- _INPUT RECORDS_
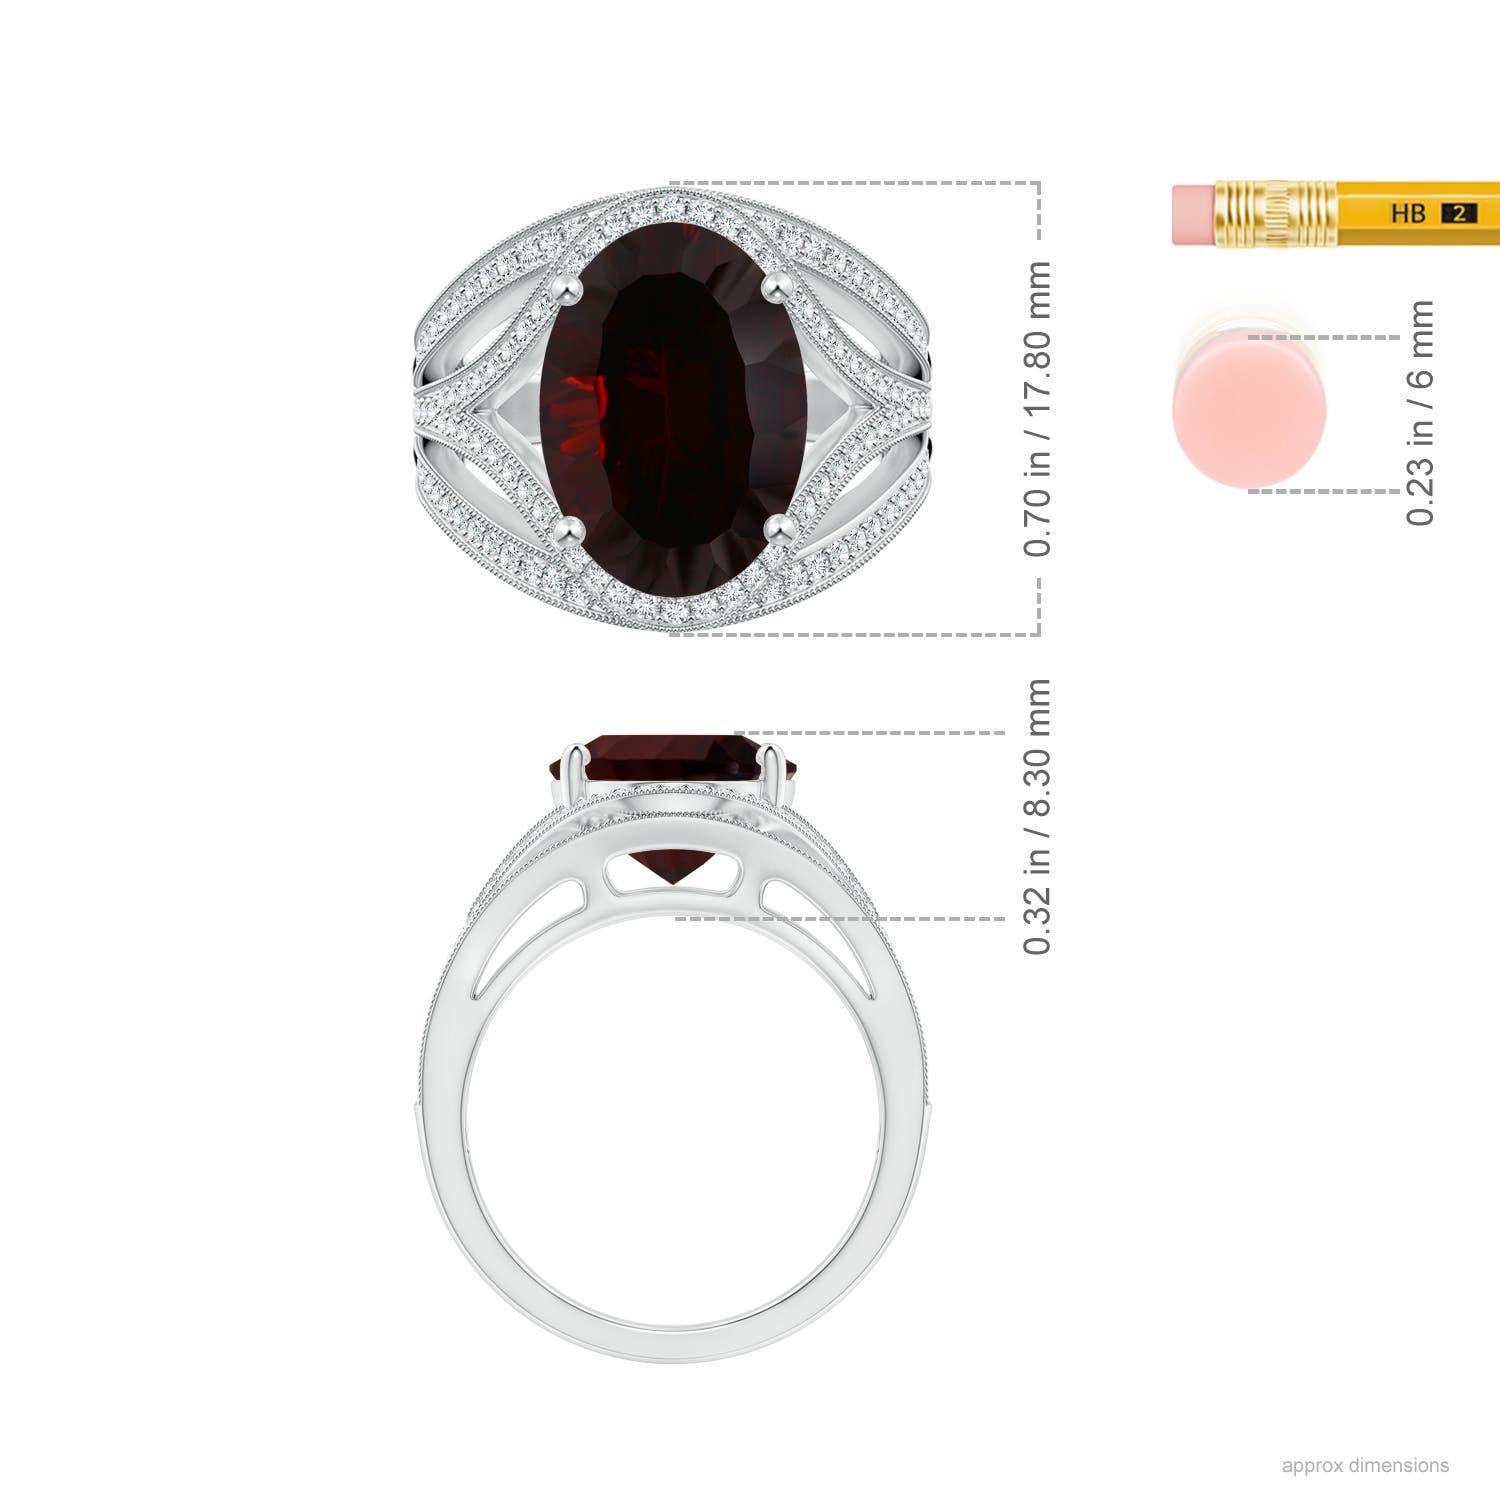 For Sale:  ANGARA GIA Certified Natural Garnet Ornate Shank Cocktail Ring in White Gold 5
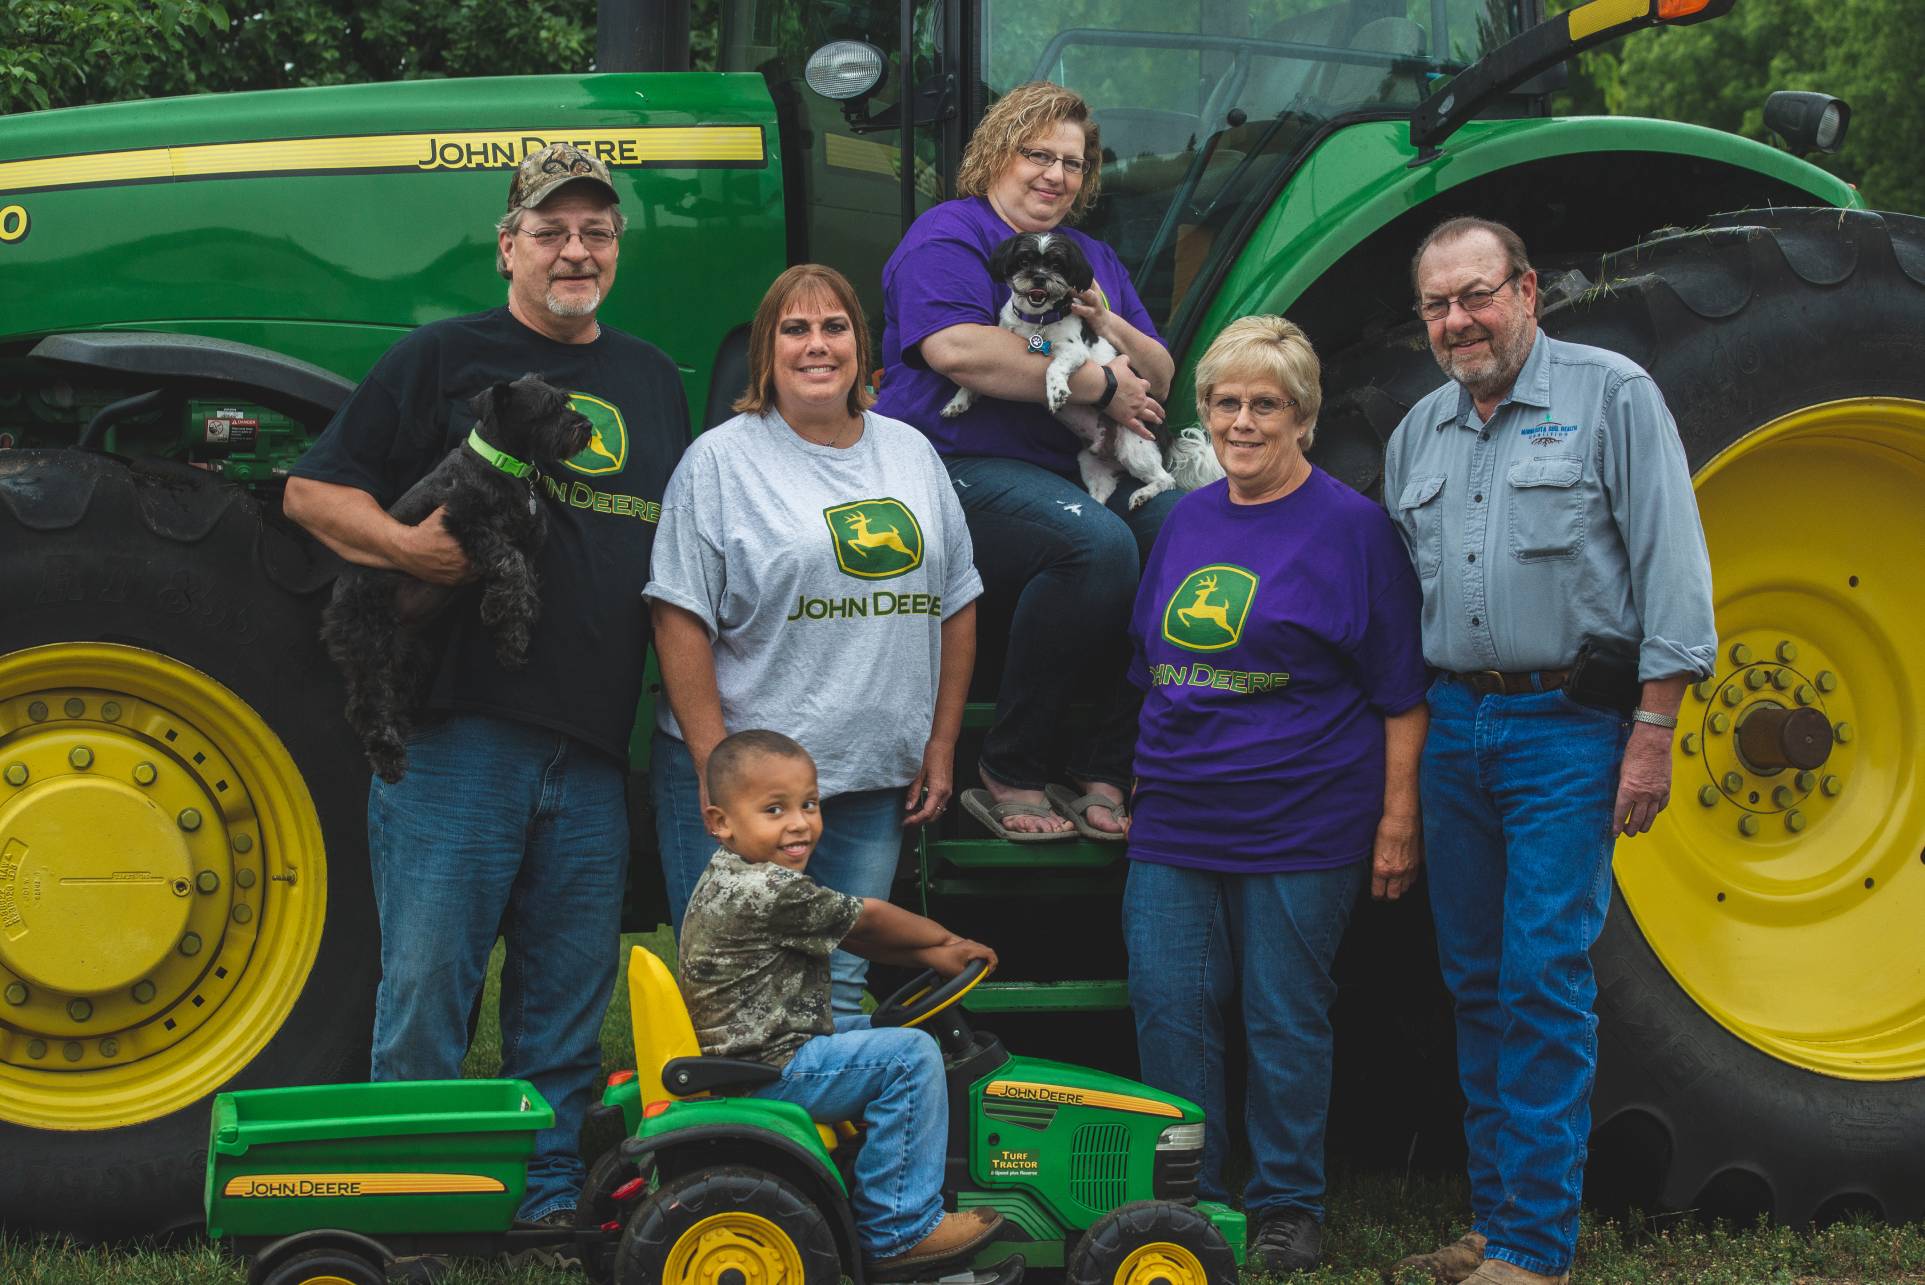 Ackerman family standing together in front of a John Deere tractor.
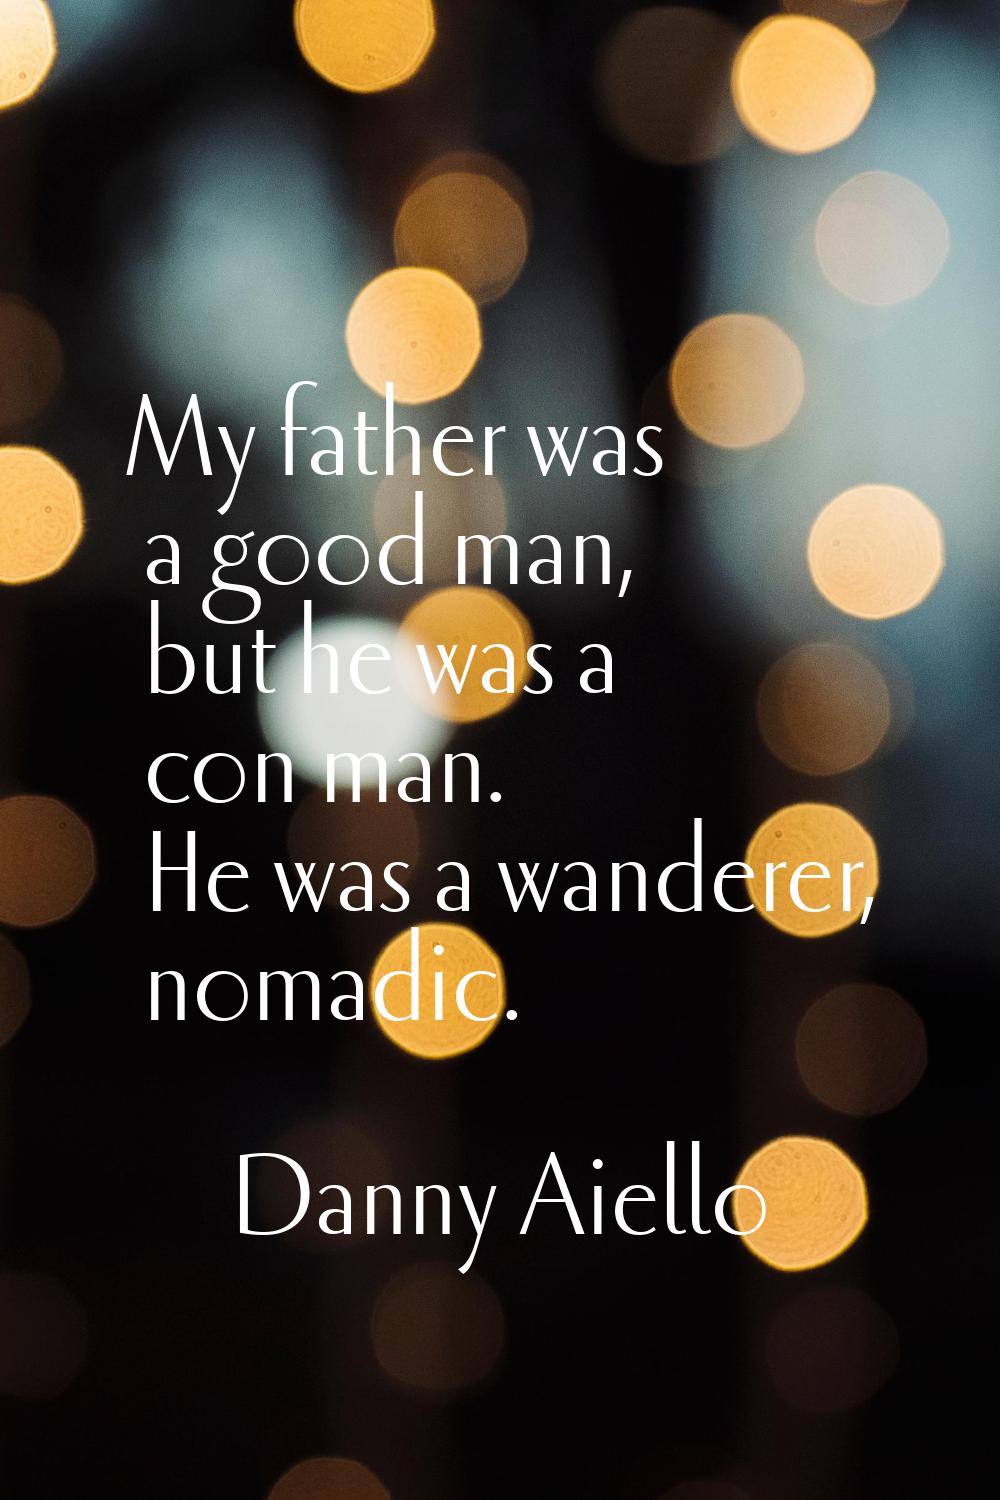 My father was a good man, but he was a con man. He was a wanderer, nomadic.
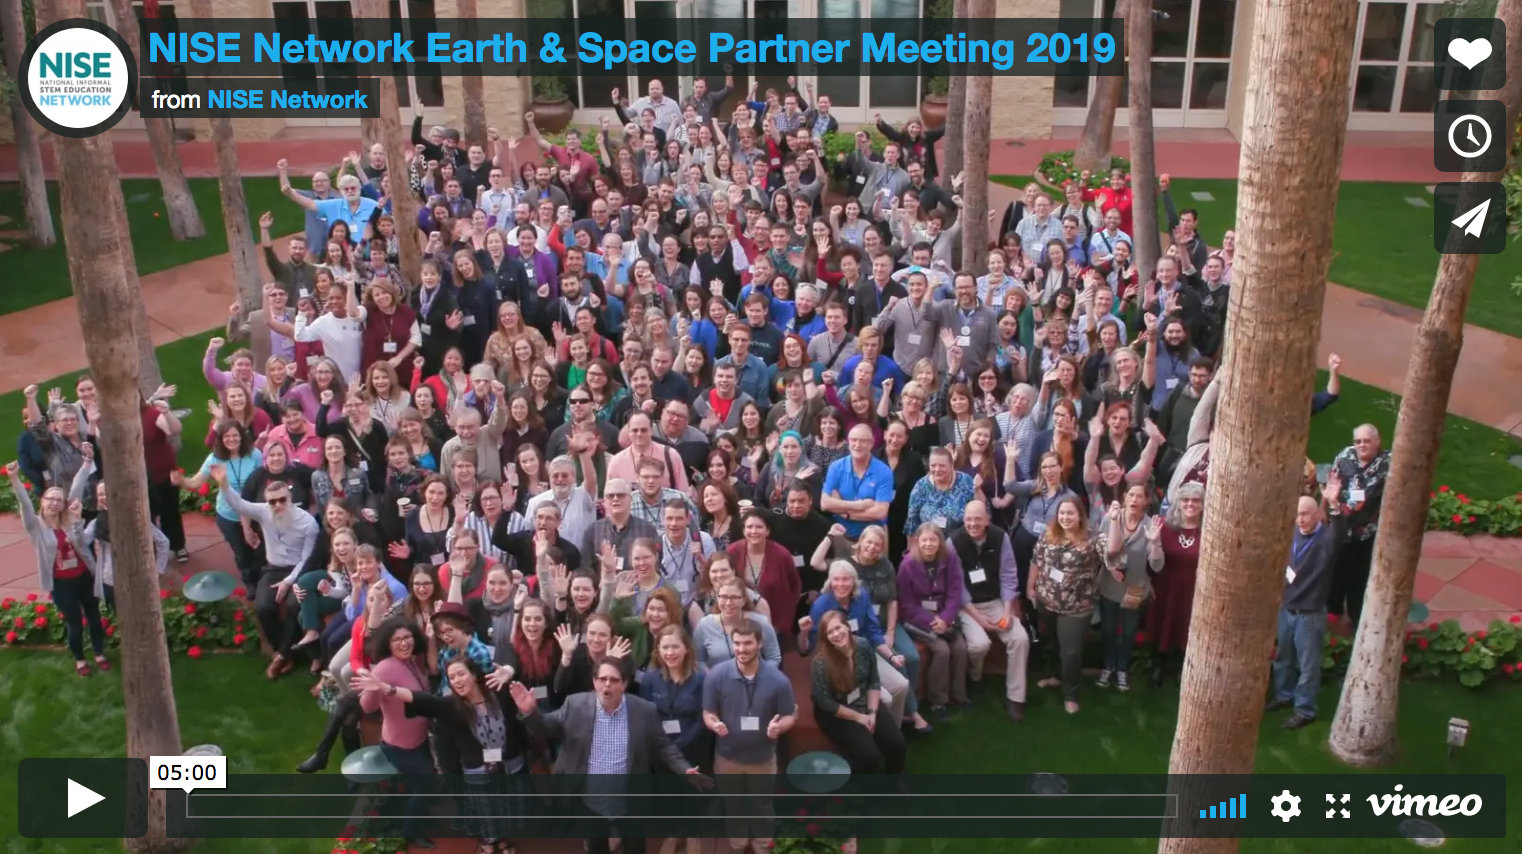 NISE Network Earth & Space Partner Meeting 2019
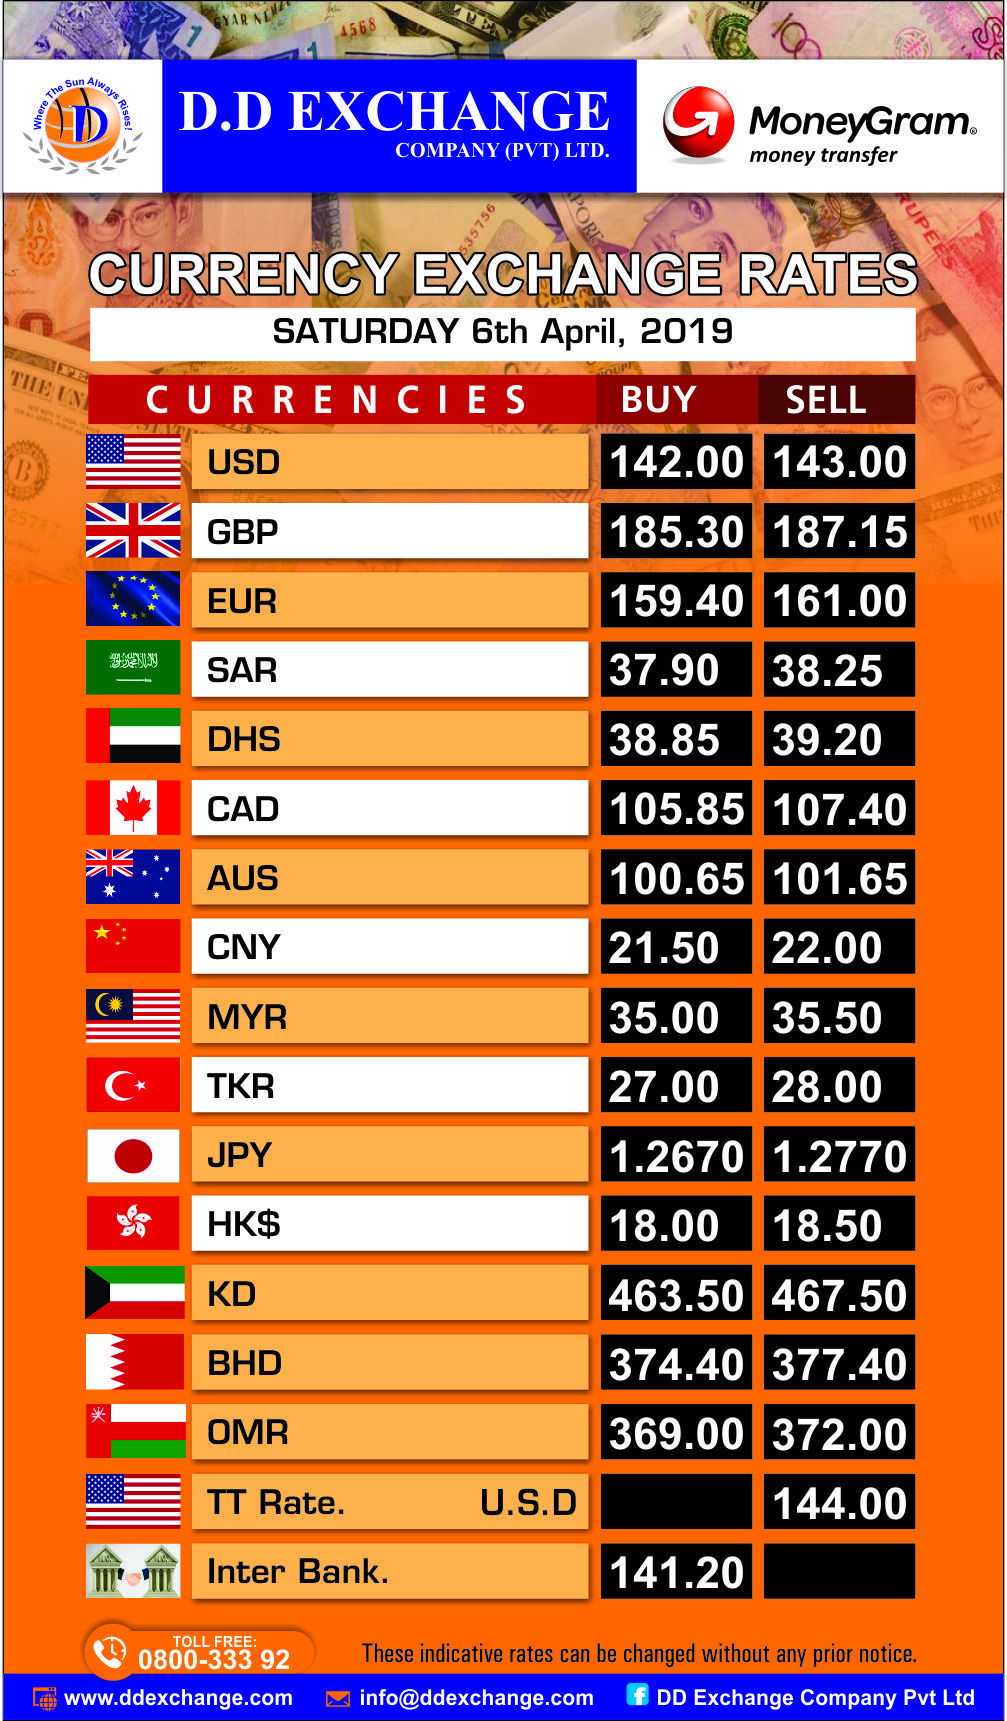 Daily Buy and Sell Exchange Rates | Central Bank of Sri Lanka

- _DIRECTIONS FOR THIS TASK_
Transcribe only the lines from the line holding "My father was" to the final line of the listing above. Keep them exact, include both ends, and skip the pictures.

- _RESPONSE BOX_
 My father was a good man, but he was a con man. He was a wanderer, nomadic.
 NISE Network Earth & Space Partner Meeting 2019
 Daily Buy and Sell Exchange Rates | Central Bank of Sri Lanka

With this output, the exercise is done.